WESTLAKE VILLAGE, Calif. – The cul-de-sac off Blackbird Road looks idyllic, with green trees and inviting homes. Yet, a walk through this neighborhood reveals the scars left from the Woolsey Fire: a front yard blackened by flames, a charred wooden gate, a trampoline ripped at the seams.
These are reminders of how lucky Westlake Village was when homes in so many other neighborhoods in the hills west of Los Angeles were lost. So far, more than 600 structures have been destroyed, displacing thousands of people.
“It came very close,” Bita Farrell said as she pointed out the fire damage. “There’s actually almost like a doughnut of crispiness like, fire, burnt around our house.”
Farrell, who has lived in her home for just more than two years, was away when the wildfire roared through Westlake Village. She returned to a burned backyard; a charred skeleton is all that remains of her son’s treehouse.

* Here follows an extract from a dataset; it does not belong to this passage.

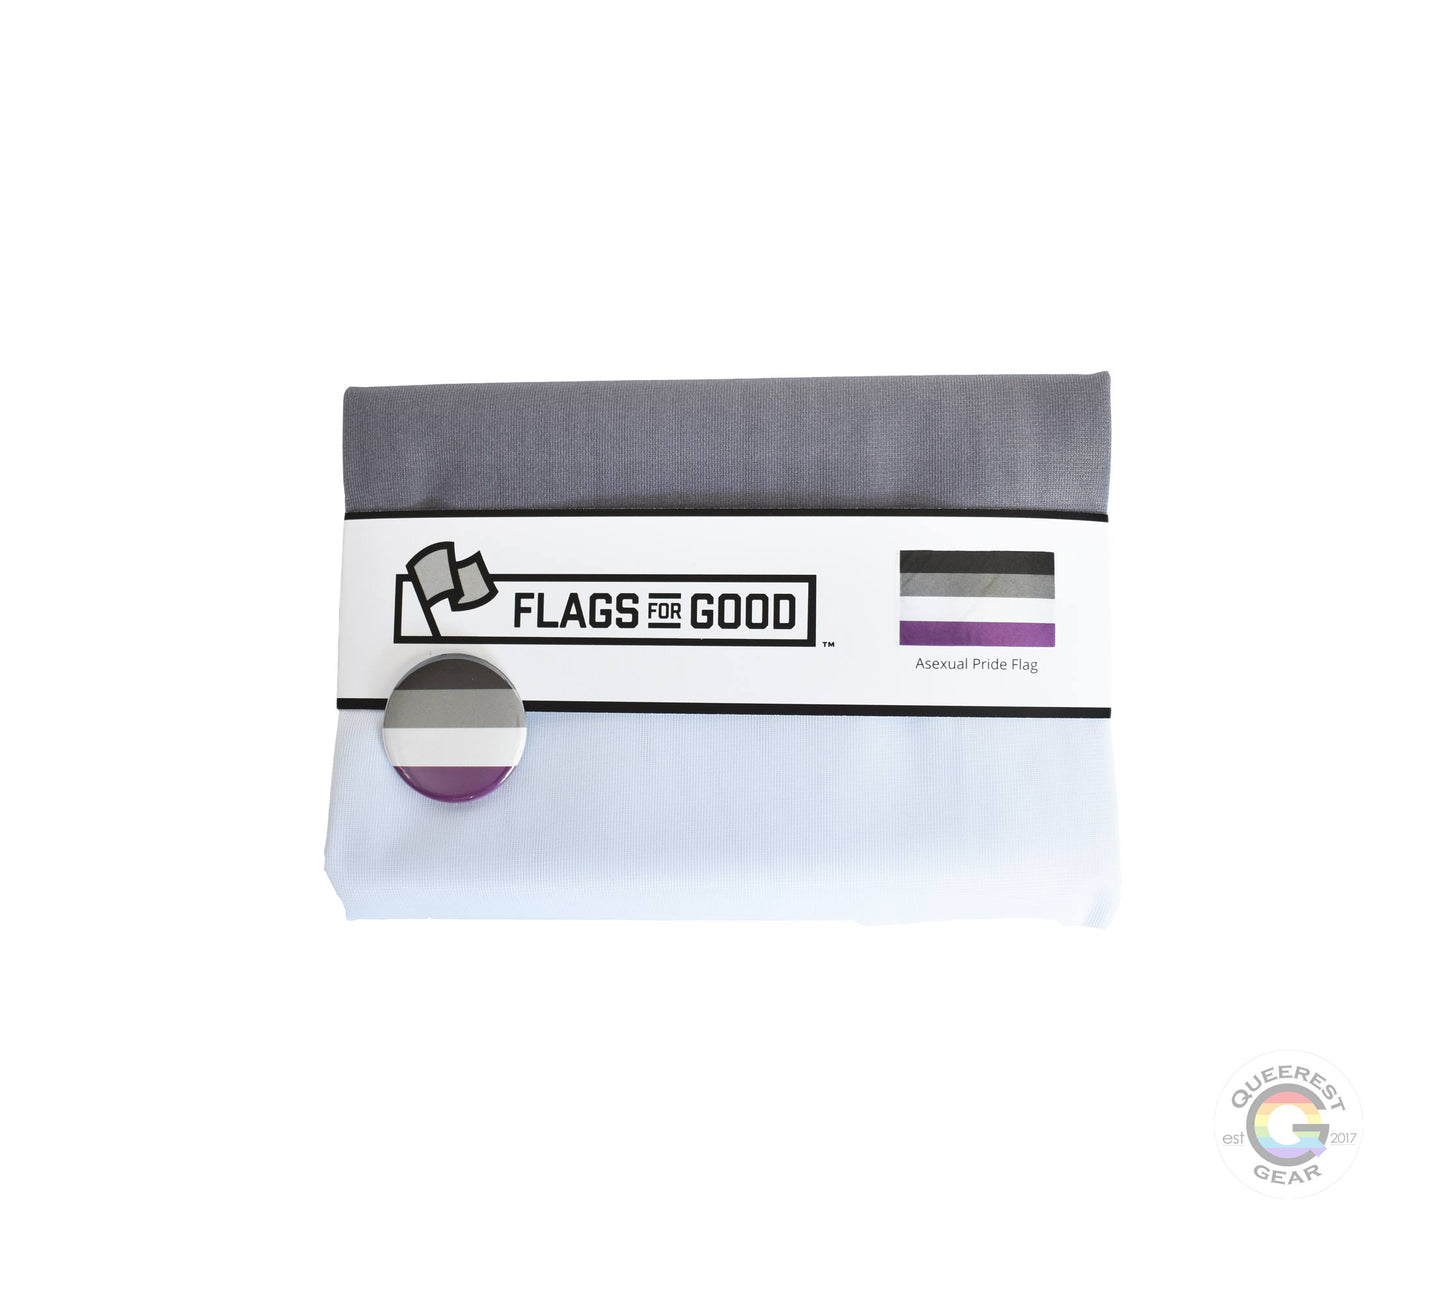 The asexual pride flag folded in its packaging with the matching free asexual flag button

Despite these damages, Farrell only had words of thanks for the California firefighters who helped save her home and for the Arizona firefighters in her neighborhood who are mopping up hotspots.
“We’re just grateful we have our home,” Farrell said. “We’re grateful to these firefighters.”
Farrell nodded her head toward firefighters from the Scottsdale Fire Department who were returning from the hills behind her house.
The Arizona Department of Forestry and Fire Management has sent more than 160 Arizona firefighters to Southern California to battle the Woolsey Fire, which broke out Nov. 8 and has killed three people and destroyed more than 98,000 acres. It was 69 percent contained as of Friday, according to Cal Fire.
Scottsdale fire Capt. Al DiBenedetto and his crew – Blake Miller, Rick Stuve and Jarrett Stephens – have been in California since Saturday, working night and day to locate hotspots, which are areas of heat that have the potential to start another fire, and islands of unburned fuel in the rugged terrain.
“All the Arizona units are working as what we’d call task forces and strike teams, which is a grouping of five like-and-kind units under a common leader with common communications.” DiBenedetto said.
California’s coastal winds are one of the biggest challenges with the Woolsey Fire.
“We have the Santa Ana winds. We have on-shore winds. We have off-shore winds, changing winds,” DiBenedetto said. “Being from Arizona, we’re not really familiar with their wind patterns, so for us that is a major heads-up and a safety factor that we pay very close attention to.”
DiBenedetto isn’t sure how much longer his crew will be needed.
“We will stay as long as they need us,” he said. “If they’re done with using us here on the Woolsey, and they want us to go to another fire, we’ll go to that fire.”